И если придет время, за их полупрозрачными фигурами замаячит кто-то темный и плотный, направляющий.
Печатник женат. Детей его почти никто не видел. Они тихи и диковаты, как идеи своего отца.
Жена его иногда заходит переговорить с мужем. Он – единственный мужчина в женском коллективе линотиписток и наборщиц, но ни ревности, ни настороженности она внешне не проявляет. Она – само безразличие и холодность. Это ее вариант неприязни к мужниным сослуживицам.
Жена – маленькая, остроносая и черноглазая, с пучком черных гладких волос на затылке. Ей бы очень подошла красная косынка и куртка из кожи. И кирзовые сапожки. И революционный револьвер у пояса.
Она бы поставила мужнину начальницу, пышную рыжеволосую женщину, к стенке, и лепила бы в нее пулю за пулей: «За! Невыплату! Зарплаты!». И ни одна жилочка не дрогнула бы на ее мраморном личике.
Когда они, муж и жена, вступили в новую партию, чей вождь беснуется иногда на трибунах и в парламенте, застенчивый муж увидел-таки свои стихи в «Народном голосе»:
Да, в партии нас тысячи достойных,
И миллионы будут вслед идти…
…Ухает станок, и почти бестелесный печатник сутулится рядом. Станок задает ритм, и плывут, слагаются строчки. В ту газету, которую он печатает, не взяли пока ни одной его строки. Но придет время. Его время. Он верит в это.
– На кривой козе не объедешь! Упёрся! – Саша с досадой бросил бумаги на стол.
– А что случилось? – сочувственно спросила Тамара.
– Вчера до трёх ночи расшифровывал запись на диктофоне, написал о вчерашнем митинге! – Саша уселся за компьютер темнее тучи, – Сан Саныч из четырёх страниц оставил полстранички! Говорит – ставьте побольше снимков, будет фоторепортаж.
Макар, щуплый журналист, с прокуренной рыжей бородкой, криво улыбнулся, показав желтые зубы:
– Тамарочка, пока ты по неоплачиваемым отпускам ездила, тут бури местного масштаба пронеслись. Вчера митинг был. Я фотал, Сашок с диктофоном у трибуны ходил. Ветрище, а людей уйма собралась. Причина такова. Слышала, поди, китайцы к нам пожаловали. Прикидывают, вороги, где лес можно почти задарма урвать. Лезут в нашу забайкальскую глубинку. Уже и квартирку сняли, и с главой администрации по лесосекам проехали… В договоре, как водится, прописано, что вывезут горельник. А на практике, как известно, попрут отборный круглый лес. Вот народ и поднялся.

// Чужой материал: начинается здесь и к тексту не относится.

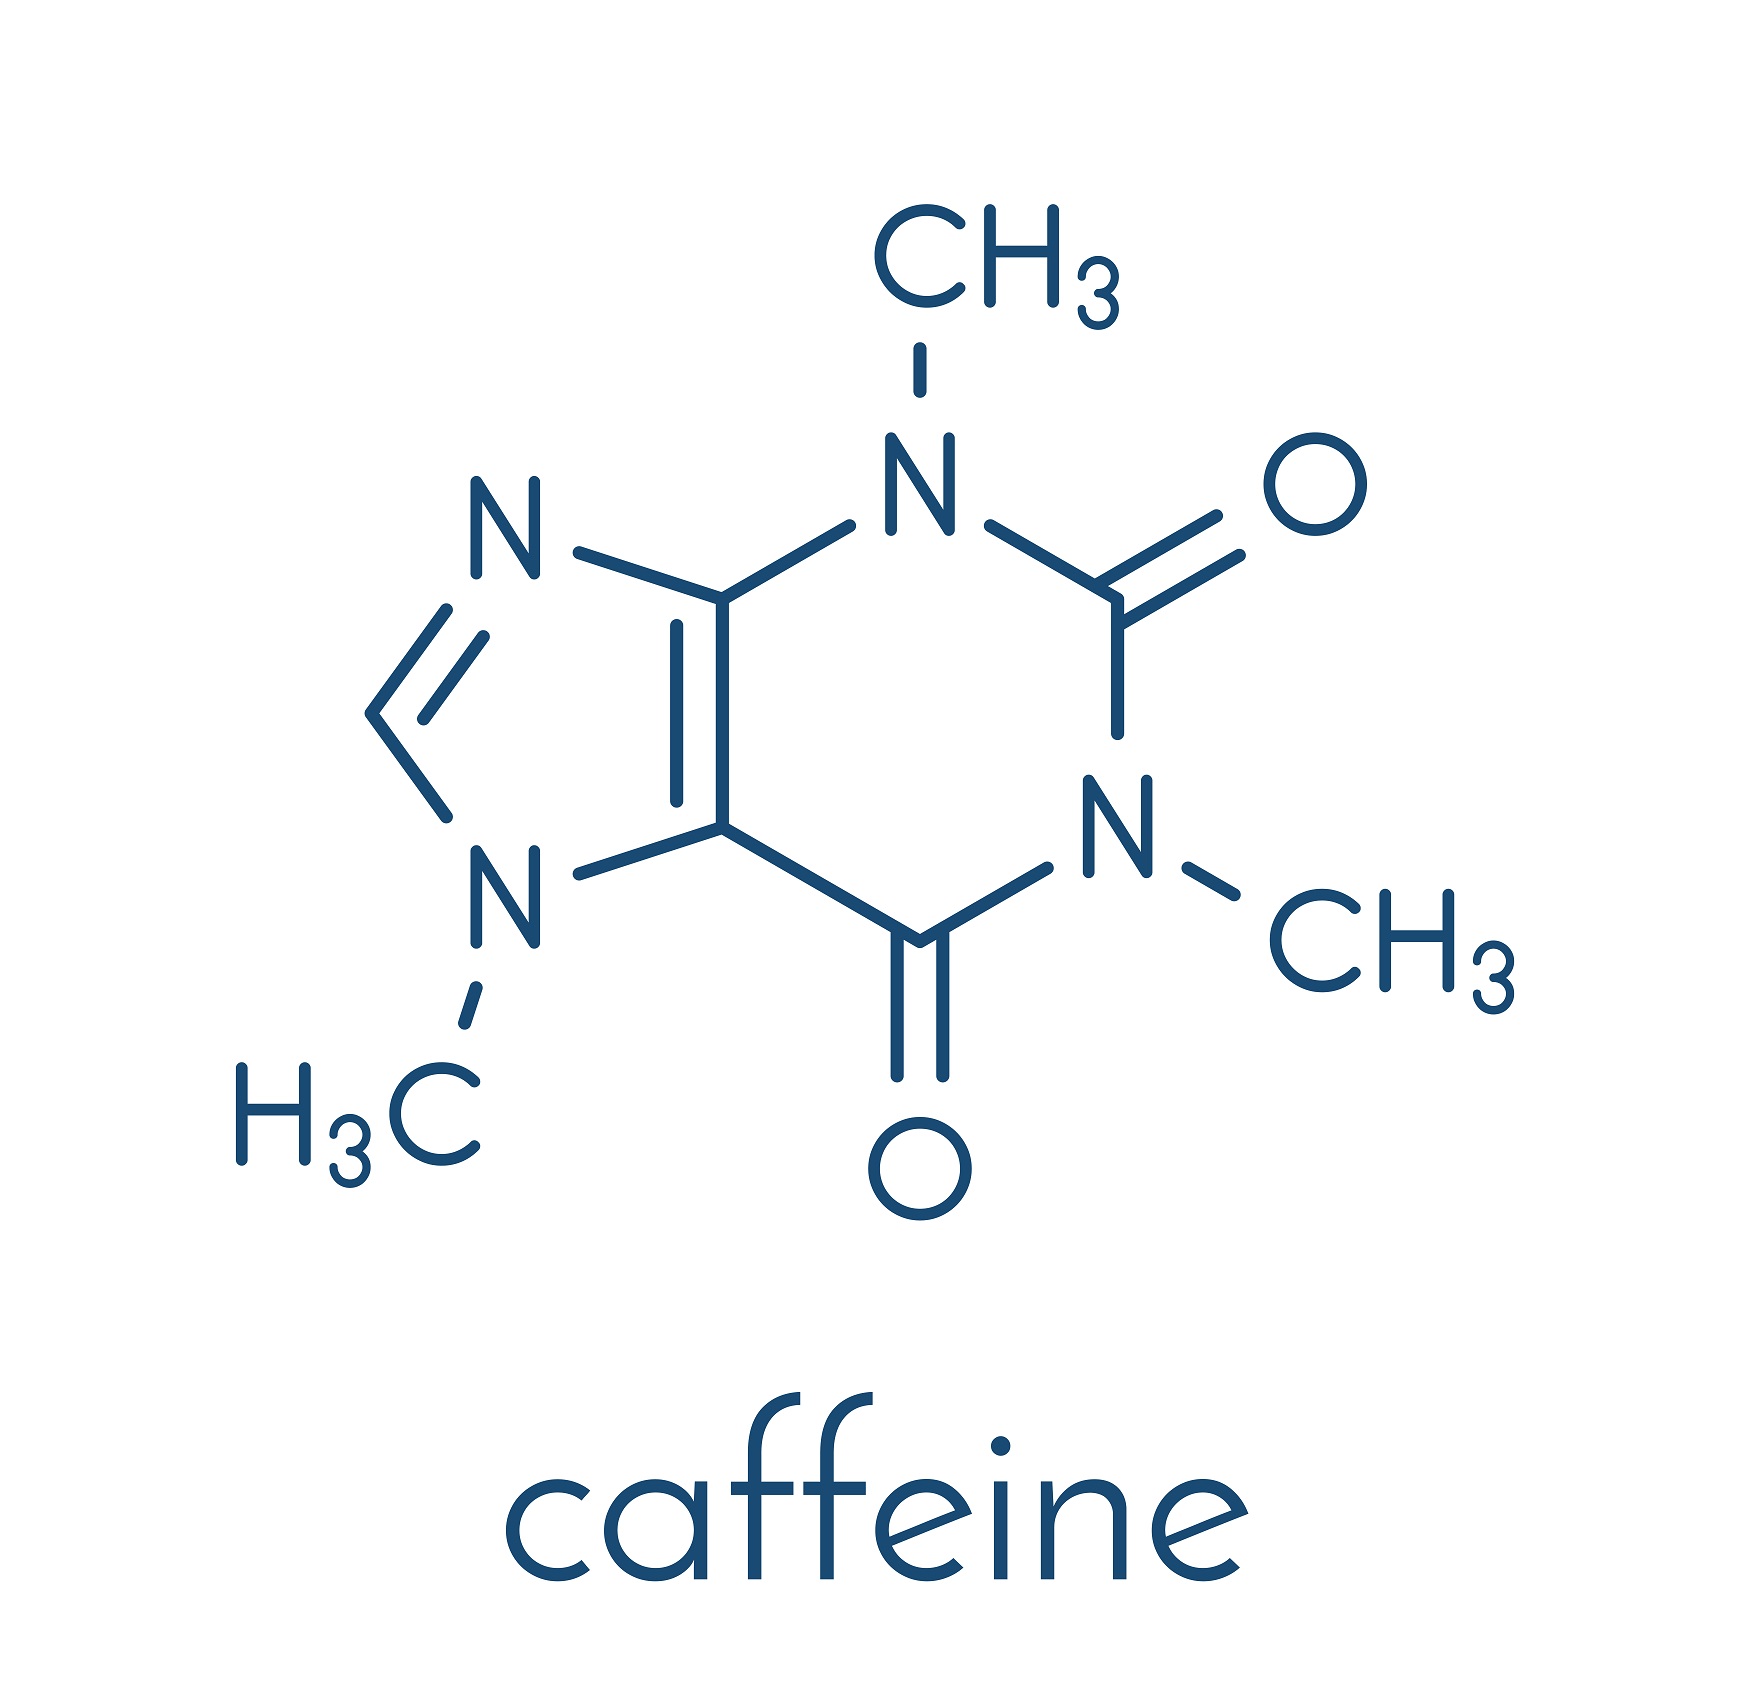 Caffeine - the most known and effective stimulant

Тамара, чернявая полноватая журналистка, посмотрела на Макара широко раскрытыми глазами, поднесла кулачки к щекам:
– Всего-то на недельку к больной маме съездила, а тут такое творится… На митинге, небось, снова Громов шумел больше всех, стучал палкой?
– Громов депутат, ему положено шум поднимать, и кроме него народ возмущался, – Макар похлопал себя по карманам, ища спички.
– Я самую суть написал, – подал голос Саша, – да где ж редактору понравится…Там главу администрации в хвост и гриву крыли. Мне на митинге наказывали всю правду написать! Не напечатаем – как и не было ничего. Как потом людям в глаза смотреть? А Сан Саныч говорит – нельзя печатать. Поисчеркал всё… Я к нему и так, и этак…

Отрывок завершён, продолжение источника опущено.